LT-440 and future cure management
Lambient Technologies claims the LT-440 is the first DEA instrument to enable use of both AC and DC sensors. “The goal of this system is to make it easy to monitor resin cure but we are also developing new software to use this data to manager temperature and thus control the curing process,” says Lee. “For example, using the data from our sensors, the mold or press could be set to open at CP4 (end of cure). We can supply customers with an API [application programming interface] for their equipment.”
The LT-440 is the first DEA instrument enabling use of both AC and DC sensors.
But what about managing the switch between AC to DC measurement? “It’smerely a matter of specifying the frequency you want to use,” says Lee. “For DC measurement, you set frequency to zero. You would need to develop some experience, but we have already discussed where AC and DC have benefits at the beginning versus end of cure and we will be adding to our knowledge base, which is available online.”
“So many people use temperature and time to monitor cure, but this outdated,” says Pomeroy. “DEA is a much better way to monitor cure and stop guessing. DEA provides a way to document that the resin and composite have completed cure and how that cure compares to any other part.” Lee agrees, “Everyone sees the value of it. But it’s hard to change the status quo.” The knowledge that DEA provides, however, will be an advantage necessary for the future of composites manufacturing.
Lambient Technologies cites Spirit AeroSystems (Wichita, Kan., U.S.) and its Prestwick, Scotland facility’s 2017-2018 development of an intelligent, multi-zone heated tool that can reportedly cure composite parts 40% faster and at half the cost versus a traditional autoclave process:
"Instead of curing components at a standard temperature for hours at a time, we can now tailor the cycle time to match individual part geometries," explained Stevie Brown, lead engineer at Spirit's Advanced Technology Centre in Prestwick. "The autoclave has been a bottleneck in manufacturing lines, and removing it will reduce cycle times for components, cut production costs and decrease energy consumption."

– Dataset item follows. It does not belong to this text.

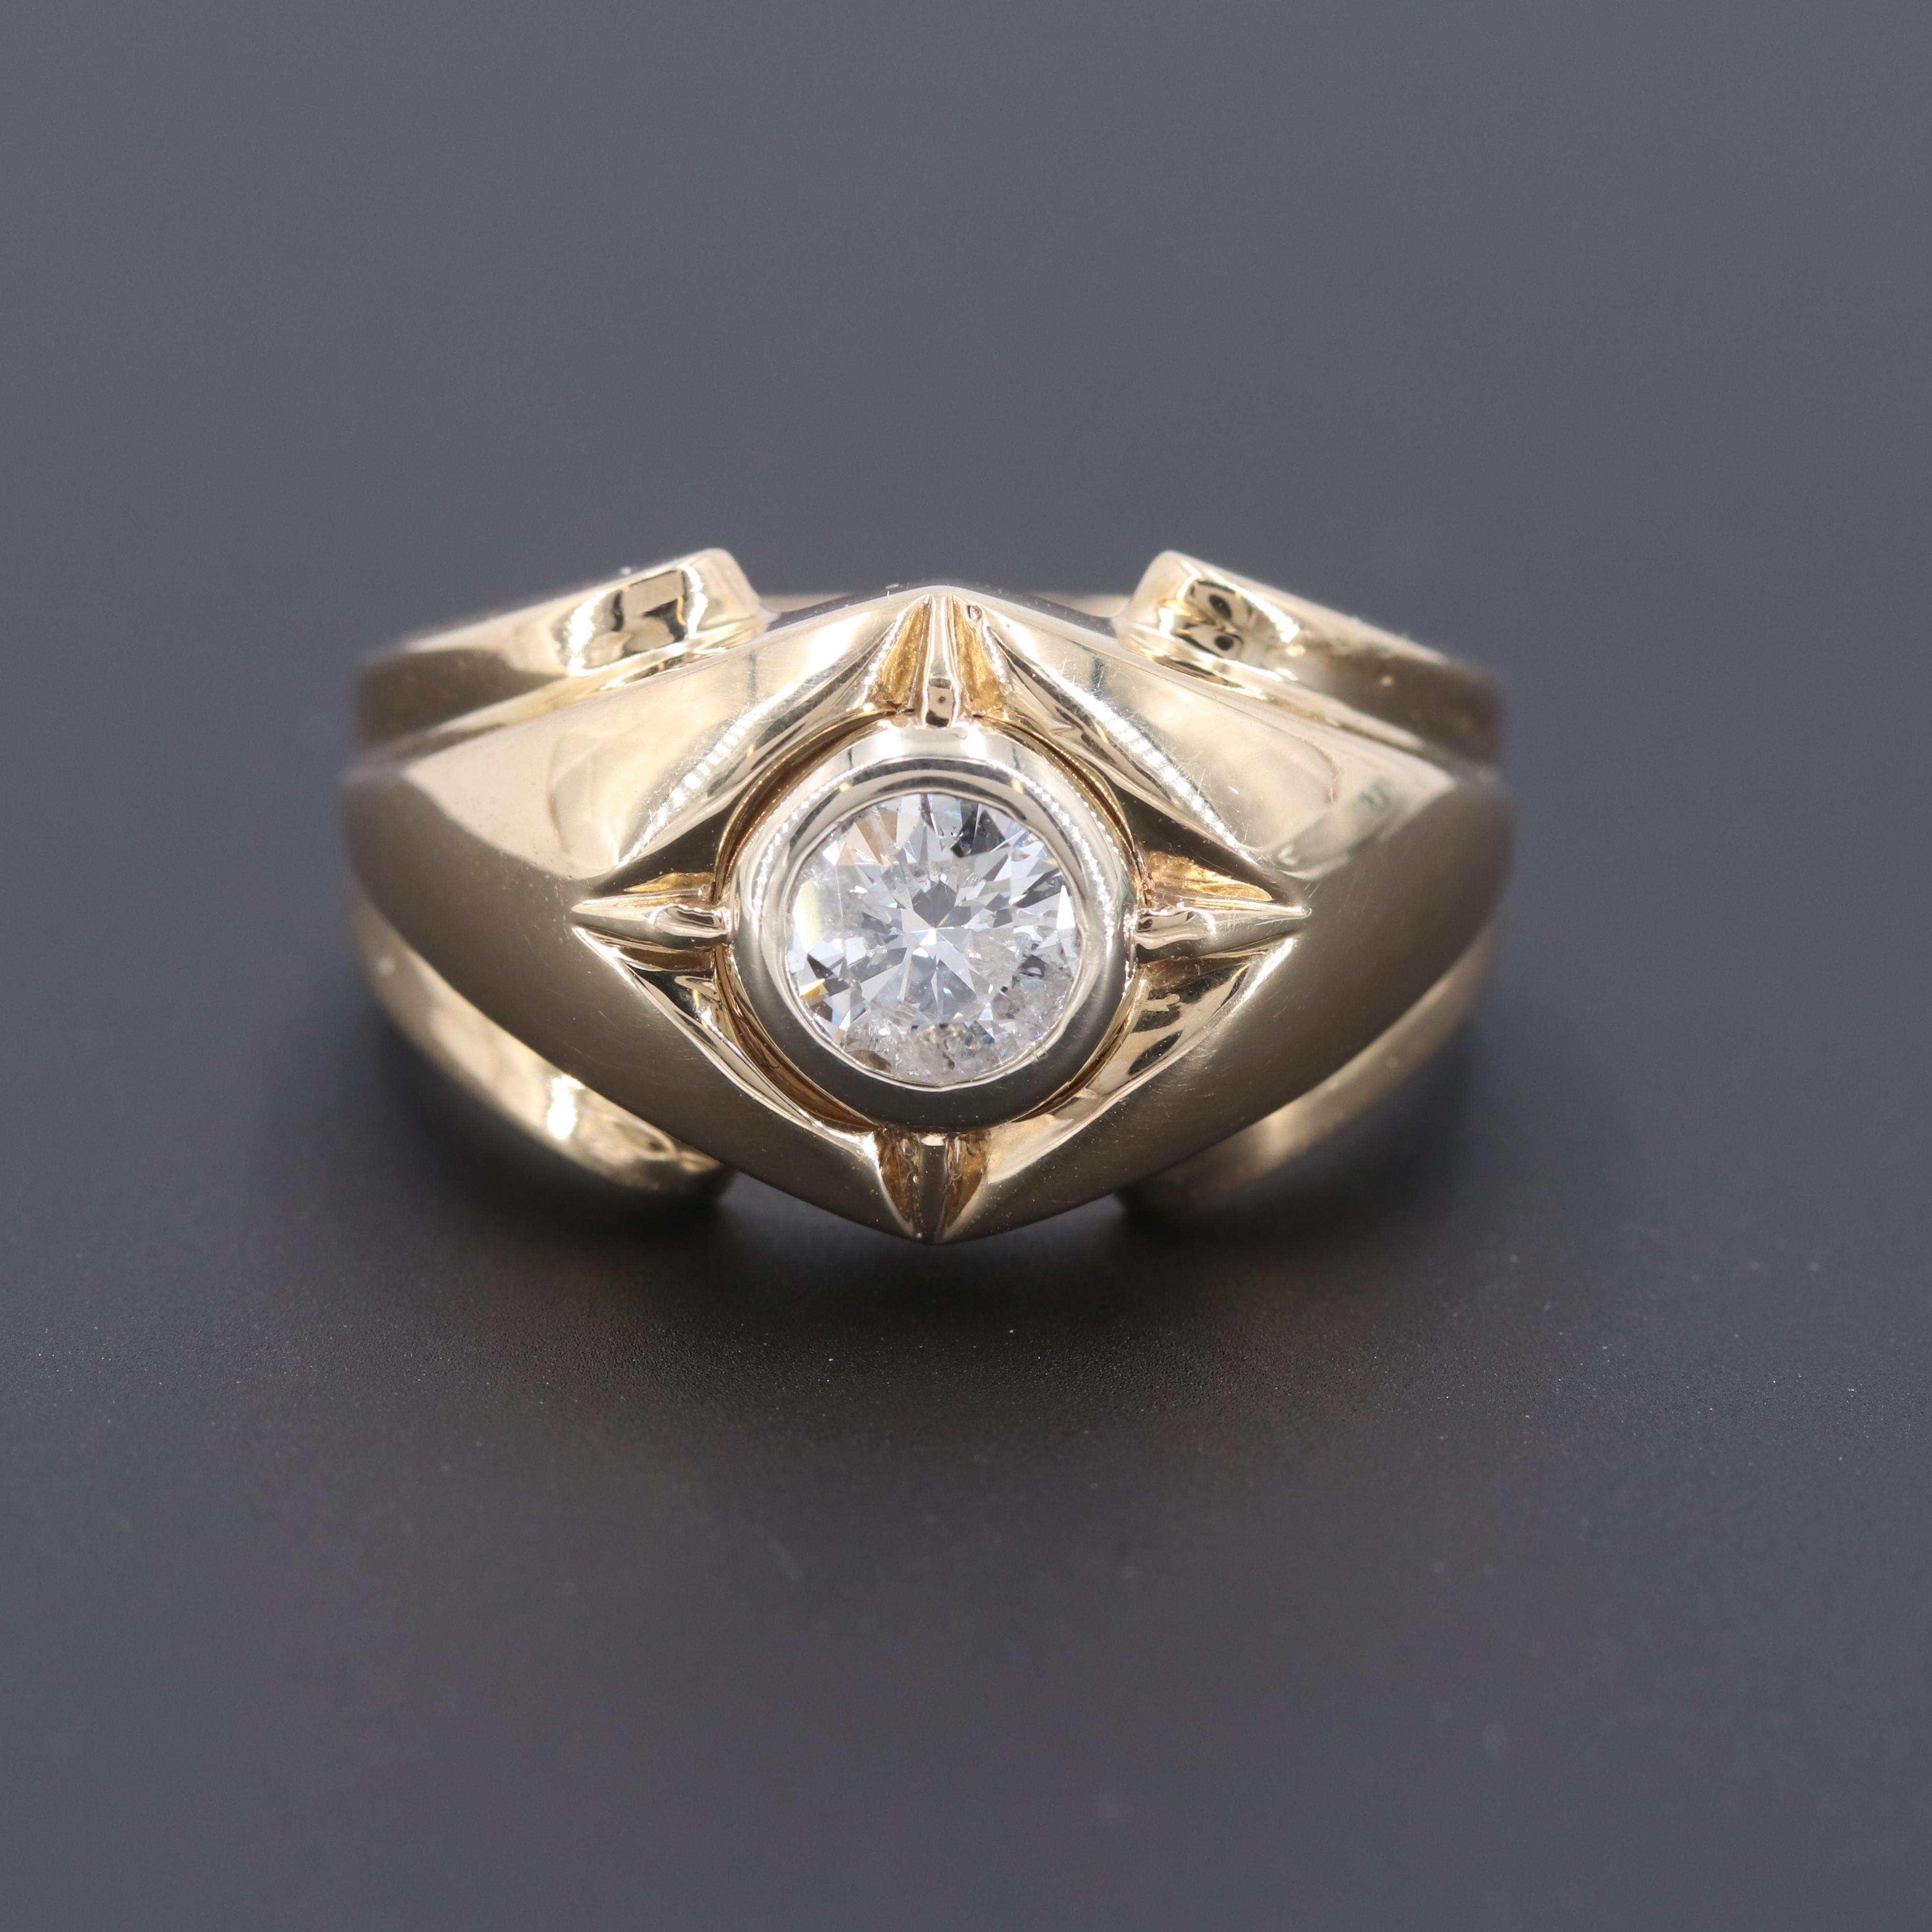 10K Yellow Gold Diamond Bezel Ring

Lambient Technologies shows a convergence of technologies (top) that could be implemented for cure management using a multi-zone, heated tool that enables complete control of the curing process through real-time feedback from cure monitoring. Brazilian wind blade manufacturer Tecsis approached Lambient Technologies to develop a DEA instrument to monitor the cure of epoxy resin at 300 spots along the length of each blade (bottom). This led to the development of the LT-439.